--- START ---

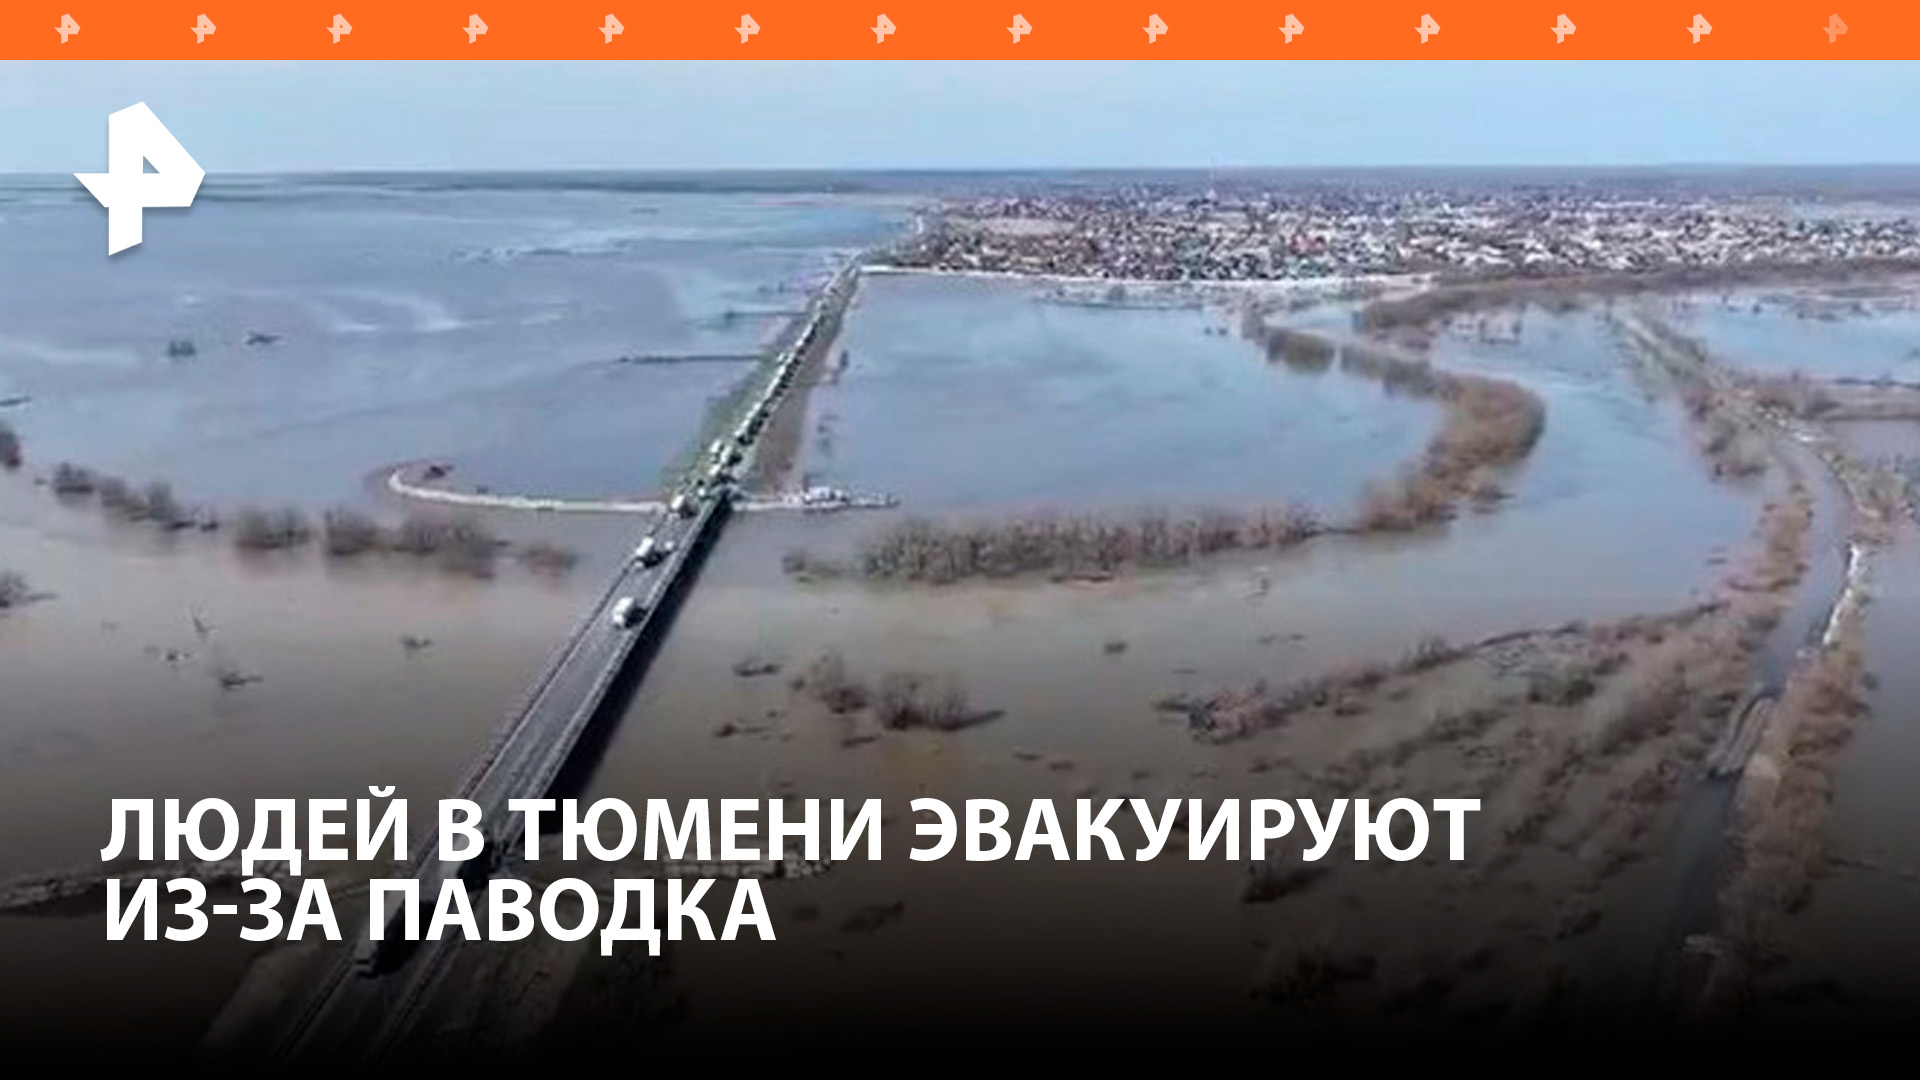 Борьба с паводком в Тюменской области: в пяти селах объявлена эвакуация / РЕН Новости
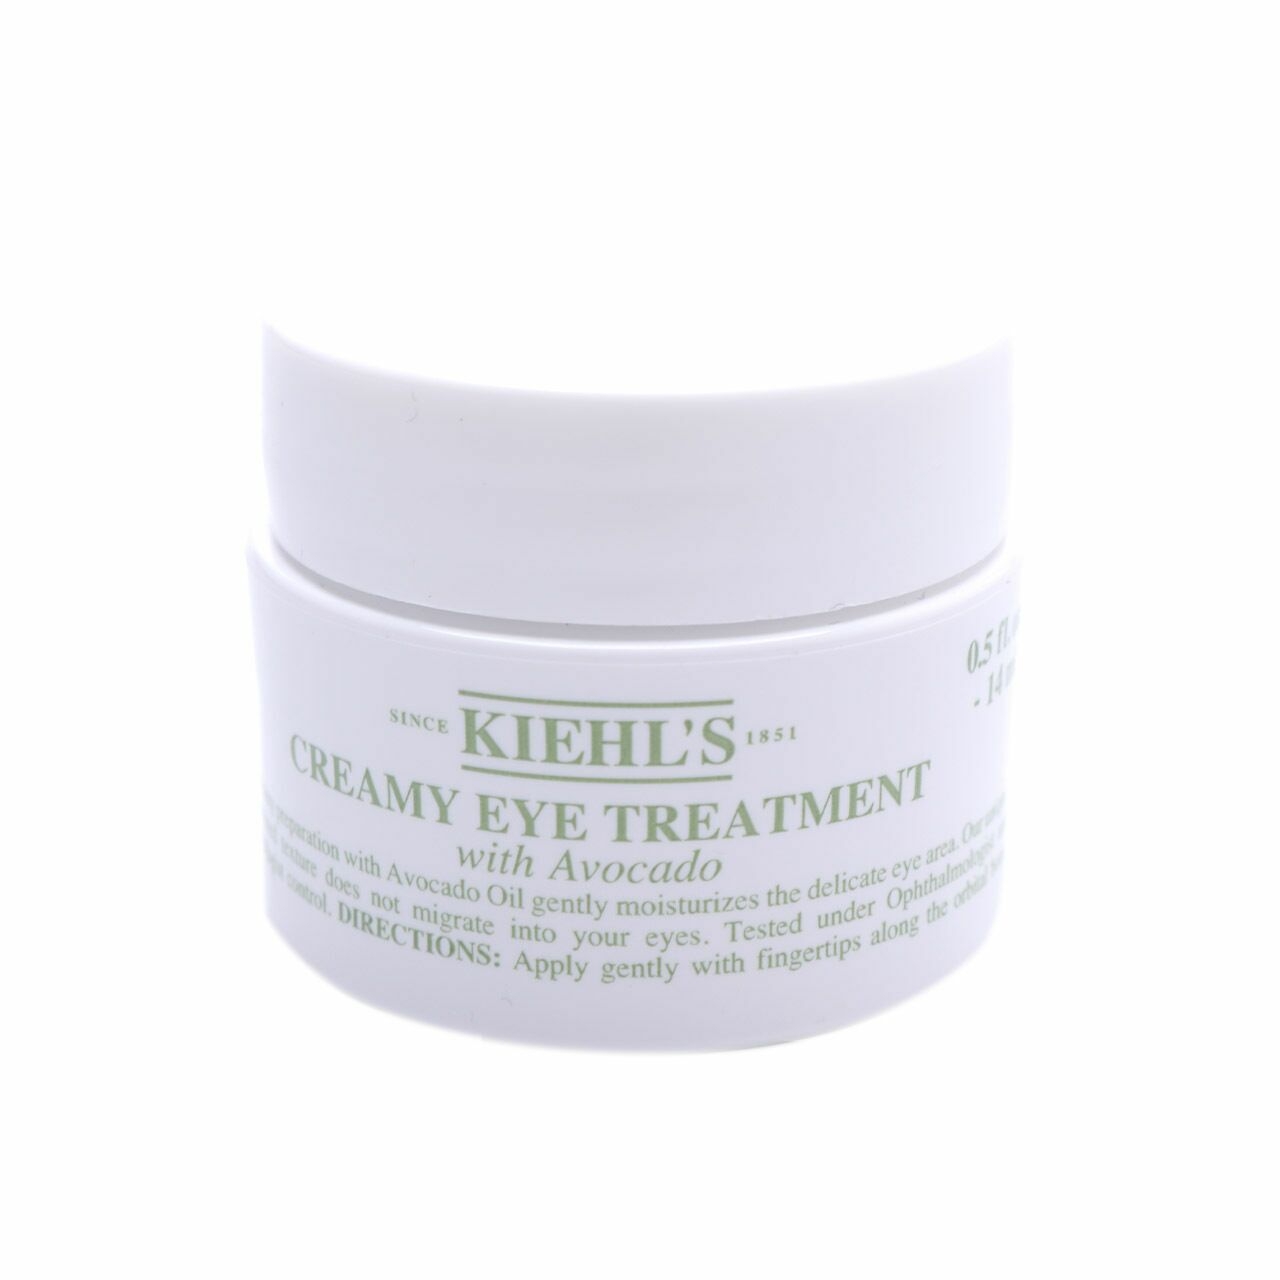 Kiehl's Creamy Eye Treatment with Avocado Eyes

--- END ---
--- START ---

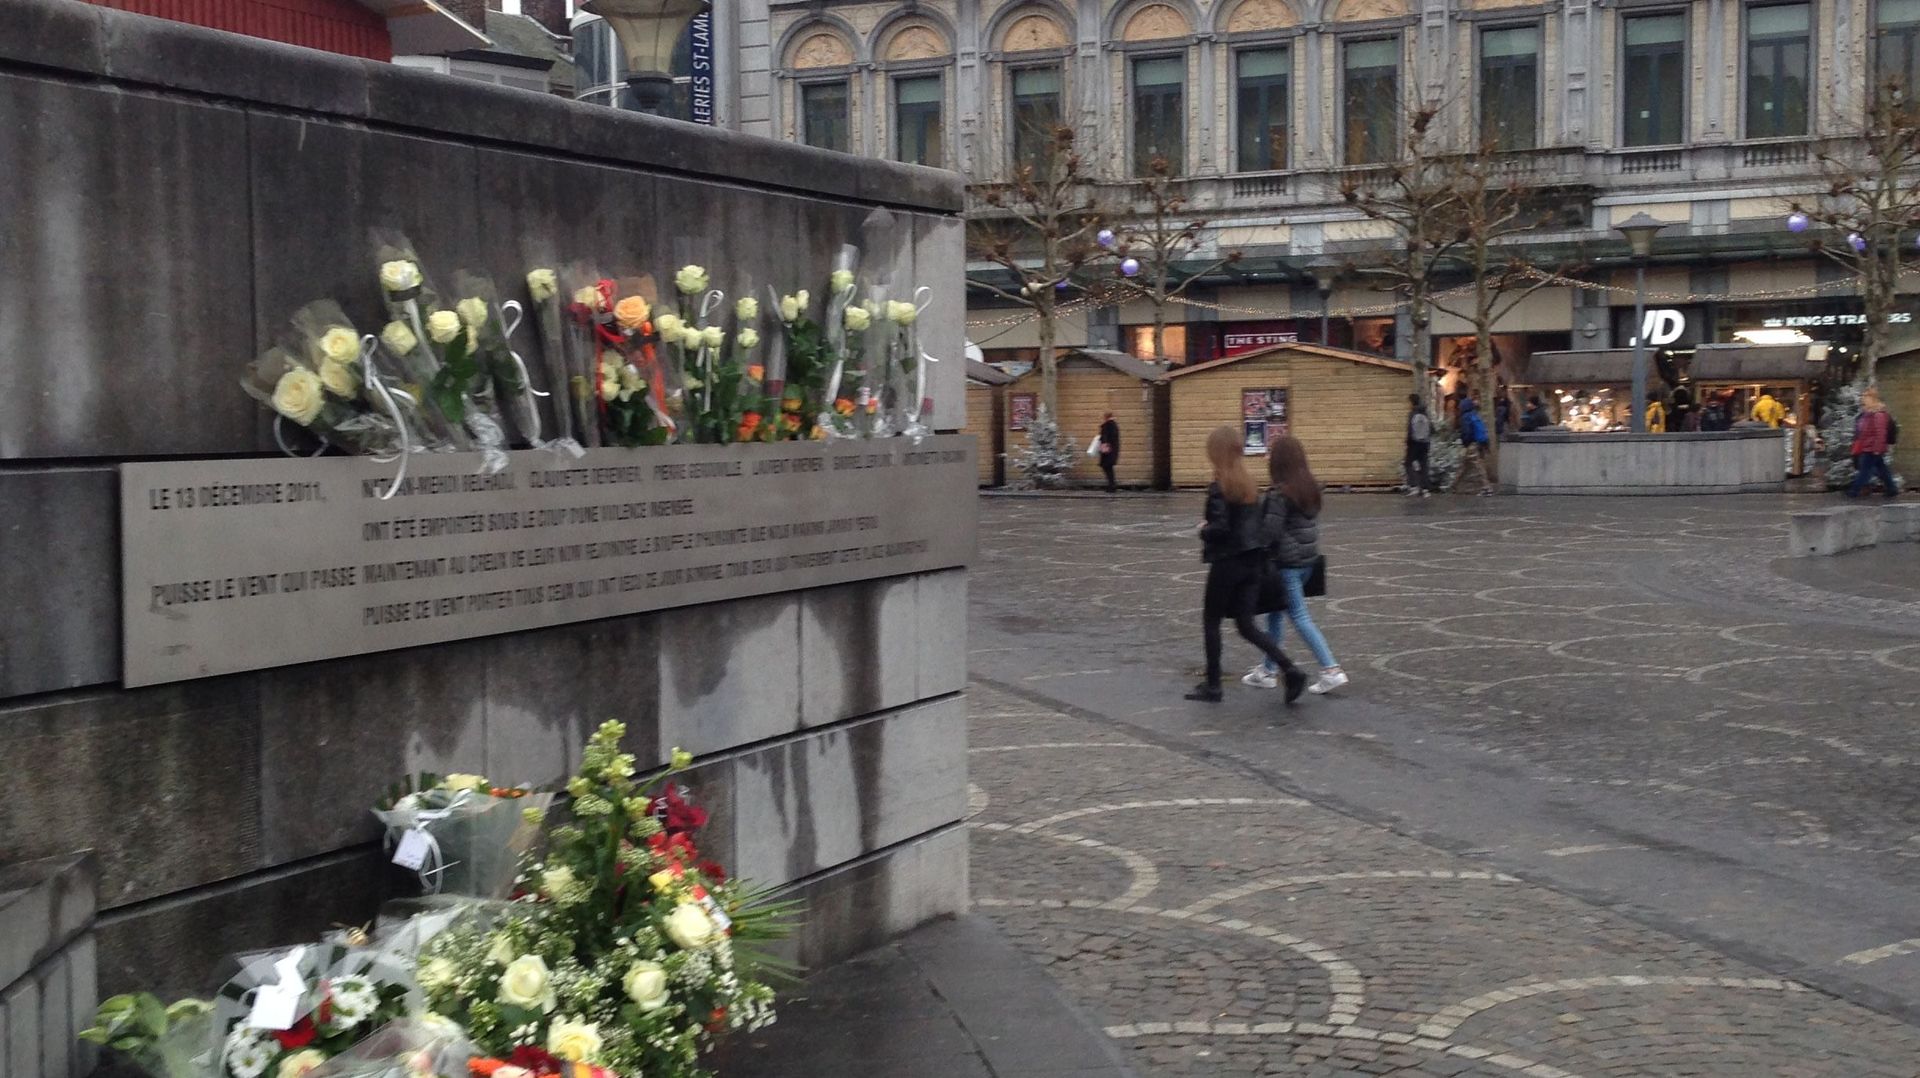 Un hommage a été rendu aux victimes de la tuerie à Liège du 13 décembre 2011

--- END ---
--- START ---

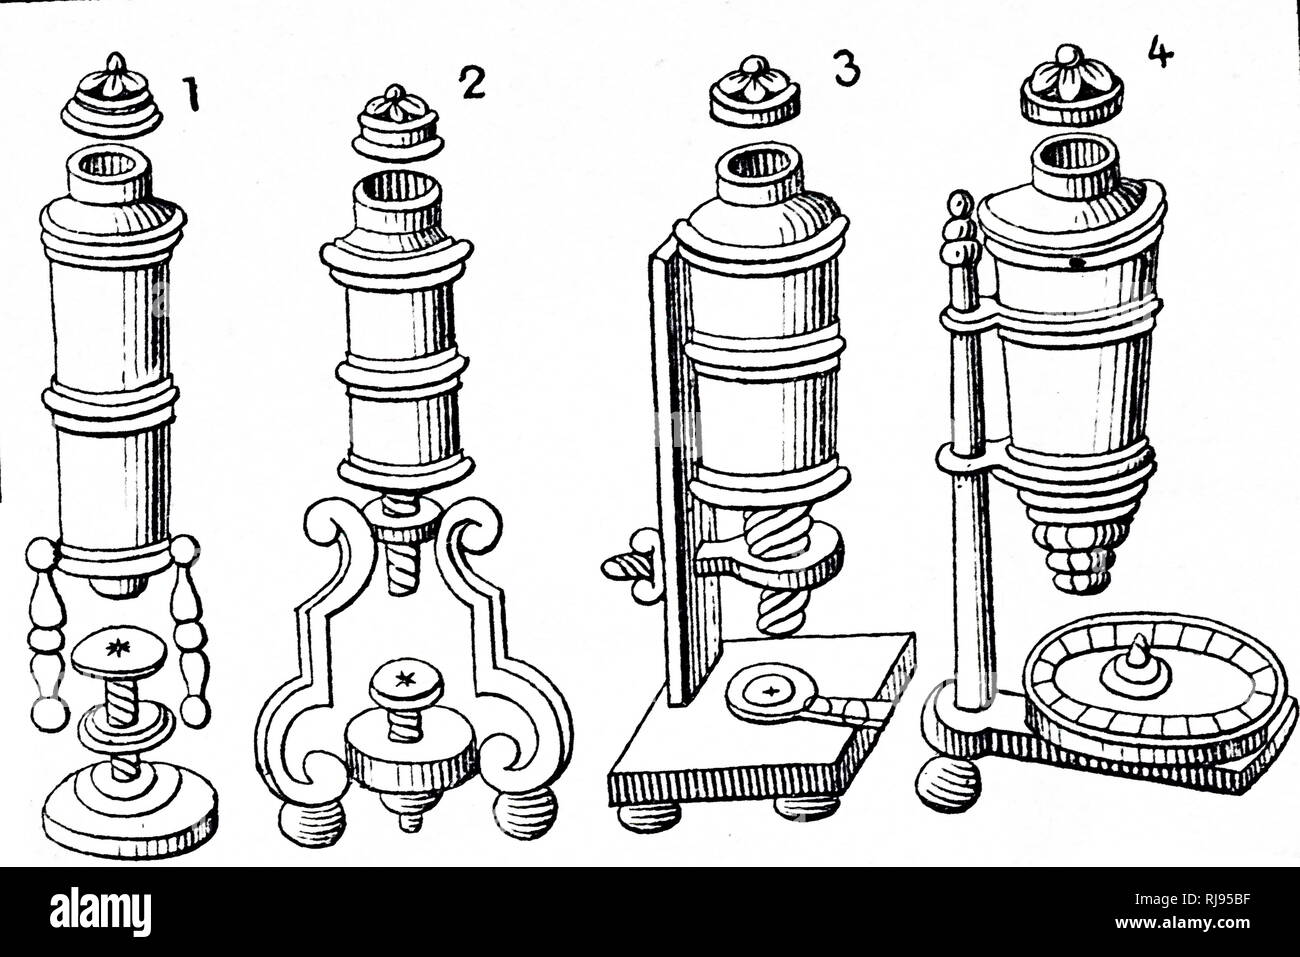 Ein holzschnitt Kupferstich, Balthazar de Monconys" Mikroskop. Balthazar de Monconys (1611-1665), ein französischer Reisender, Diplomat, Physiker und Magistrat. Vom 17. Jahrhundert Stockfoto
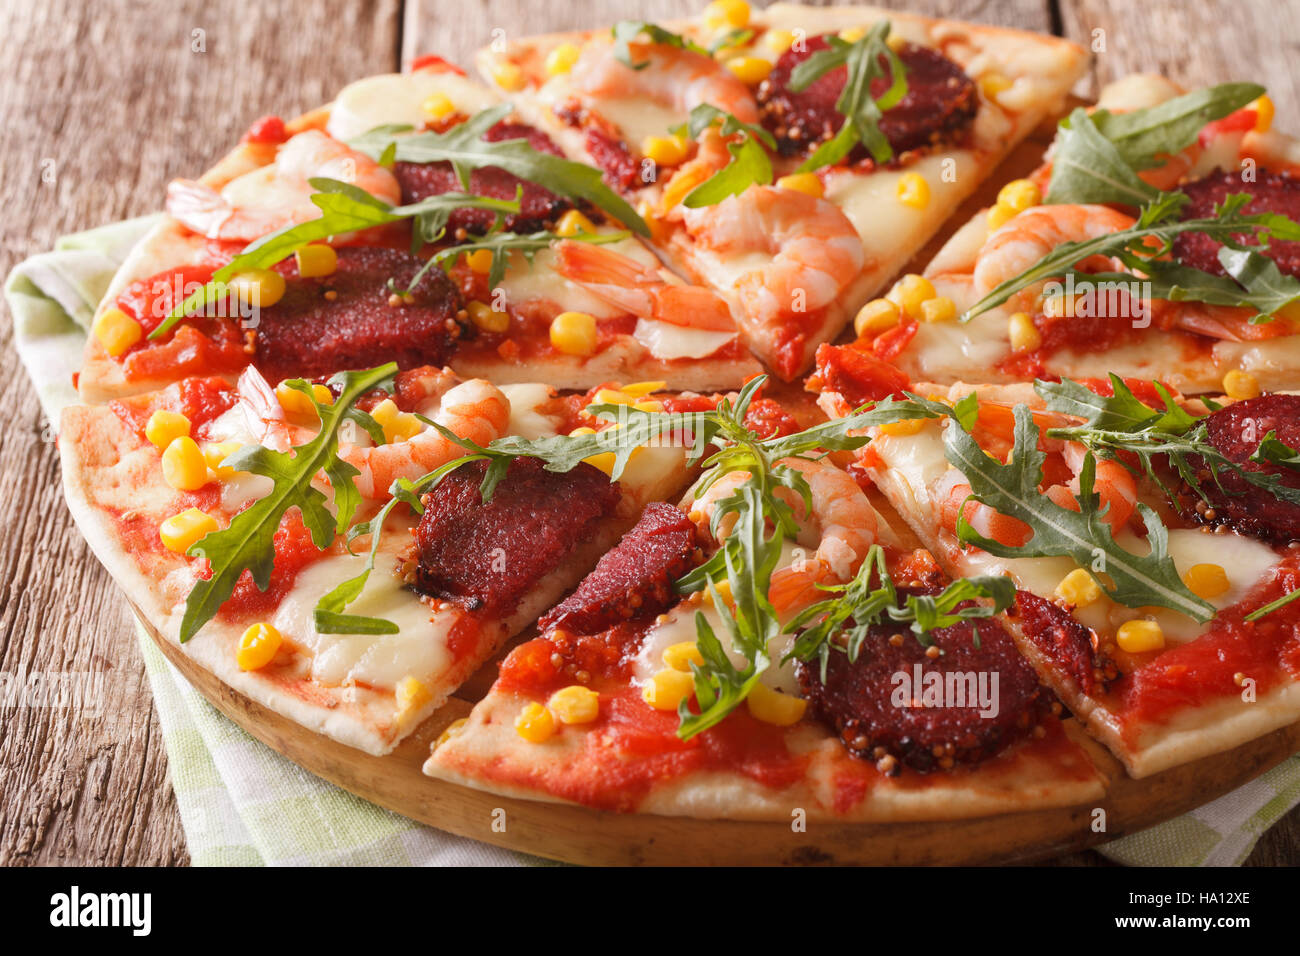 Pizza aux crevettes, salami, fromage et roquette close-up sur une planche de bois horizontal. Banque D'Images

--- END ---

### [Task goal]
Exact copy, pictures excluded: every line above from the one containing "Ein holzschnitt Kupferstich, Balthazar" to the one containing "Pizza aux crevettes, salami, fromage", inclusive, and nothing more.

### [Task solution]
 Ein holzschnitt Kupferstich, Balthazar de Monconys" Mikroskop. Balthazar de Monconys (1611-1665), ein französischer Reisender, Diplomat, Physiker und Magistrat. Vom 17. Jahrhundert Stockfoto
 Pizza aux crevettes, salami, fromage et roquette close-up sur une planche de bois horizontal. Banque D'Images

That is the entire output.